Costa customer service and quality has gone down hill over the years. After owning close to 15 pair and having 3 broke sets of 580s sitting in my glovebox I switched to Guidelines. Better quality and the best customer service hands down. Costa tried to charge me for a new set if frames cause their hinges were defective after 3 months, they made my mind up for me.


----------



## slabhunter (Jan 21, 2012)

Big Perm said:


> I'm in eye care. Spend the money for quality sunglasses if you can. We get so much direct and indirect sunlight that it is VERY harmful to your eyes. I'm not a soapbox or preachy guy, but this is one area that I wouldn't compromise cost on.


Glad somebody in the biz is weighing in as I have multiple vision issues and sunglasses are an absolute must when outside.

Nearsighted, astigmatism, and developing cataracts means that it is the glare and sheer brightness from every angle which causes discomforting eye strain. I've got script sunglasses now but am at that time for my annual exam as I also am diabetic so this topic comes at a good time for me.

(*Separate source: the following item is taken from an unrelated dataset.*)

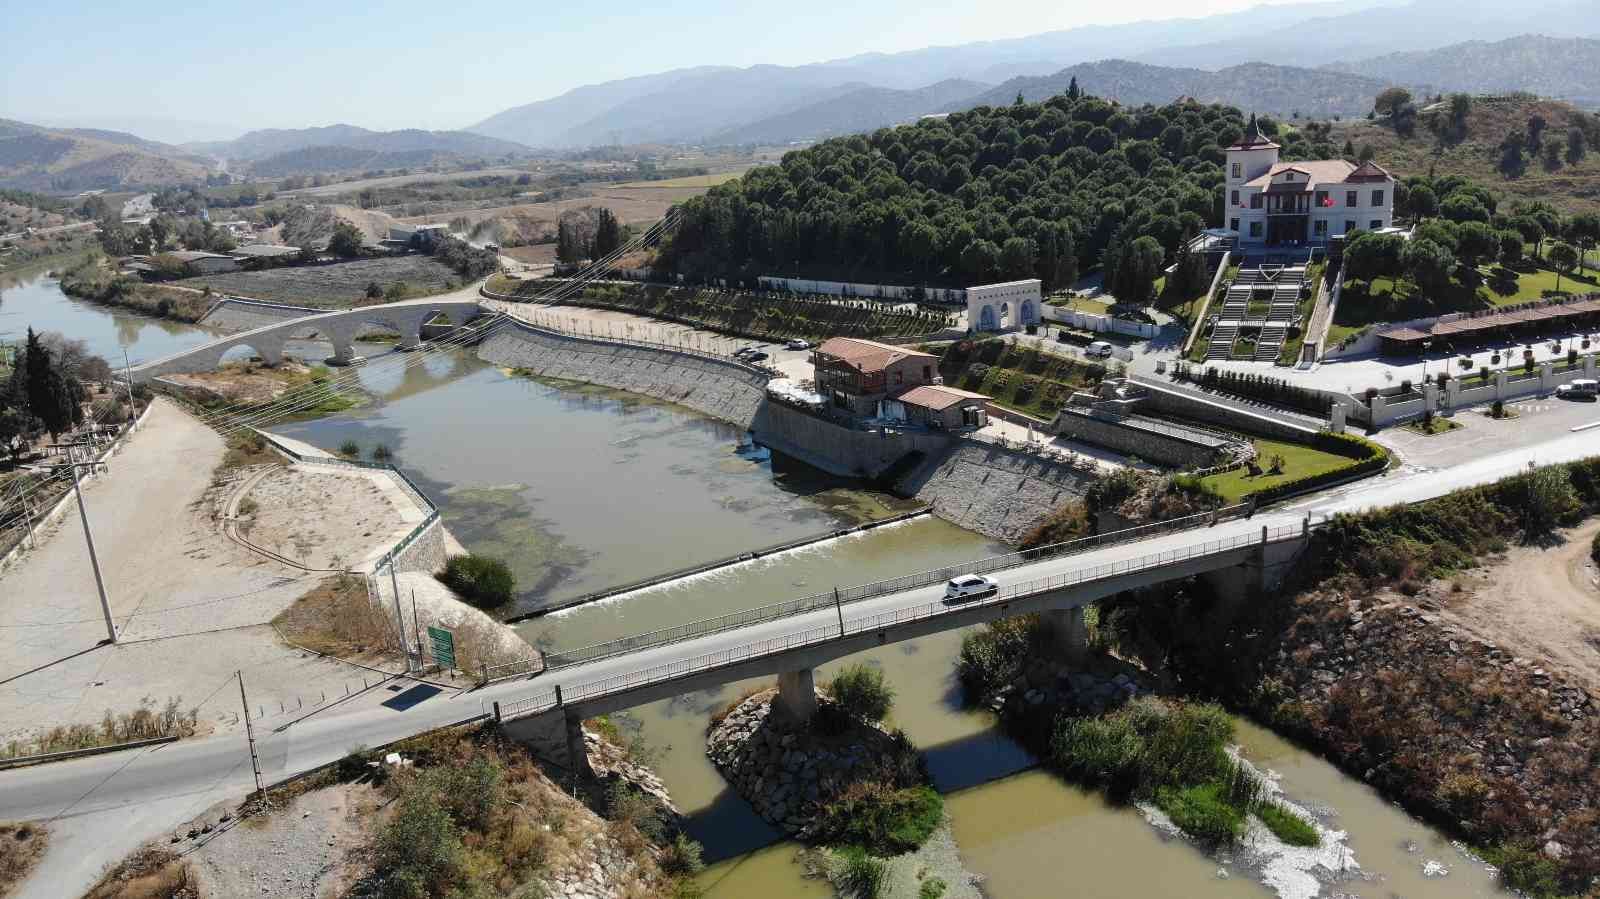 Merhum Başbakan Menderes’in yaptırdığı 67 yıllık köprü hikayesiyle dikkat çekiyor

Would you recommend wrap around style glasses and if so, can those be had polarized for fishing?


----------



## bigrick (Sep 29, 2010)

People with costas tell you they are the best to make them feel better about spending $250 on sunglasses. You can buy prada or gucci sunglasses for that price. Best pair of sunglasses I've owned were a pair of $70 flying fishermen. After loosing numerous pairs of costas and seeing that there are plenty of other sunglasses that are just as good and some even better quality for a fraction of the price I'll never buy costas again. If the C on the side is worth the extra $200 then go for it....


----------



## TURTLE (May 22, 2008)

*I wear Costas on a daily basis but I wear Strike Kings from Walmart when I fish because they are better IMO and cost $19.*


----------



## Nat (Oct 10, 2007)

made in china = not worth $250.00 per pair

plus they protect prices like shimano does........I say screw Costa and 

predict Costa prices will drop in a soft consumers market


----------



## FLbeachbum (Jul 17, 2008)

...


----------



## TheToE! (Mar 9, 2008)

Does anyone around here sell guidlines?


----------



## Razzorduck (Oct 22, 2007)

Been through 3 pair of costas. Lost a couple and the ear rubber wore off the the last pair. (still my back up). Went to Academy and ended up with the 100.00 pair of Bolle's. Very comfortable and the optics seem very good. Oh, and the wife unit thinks they are stylish....not that I care.


----------



## Instant Karma (Oct 9, 2007)

Been wearing Costa bifocals for years. They get bashed on here for service but they have always made things right by me. 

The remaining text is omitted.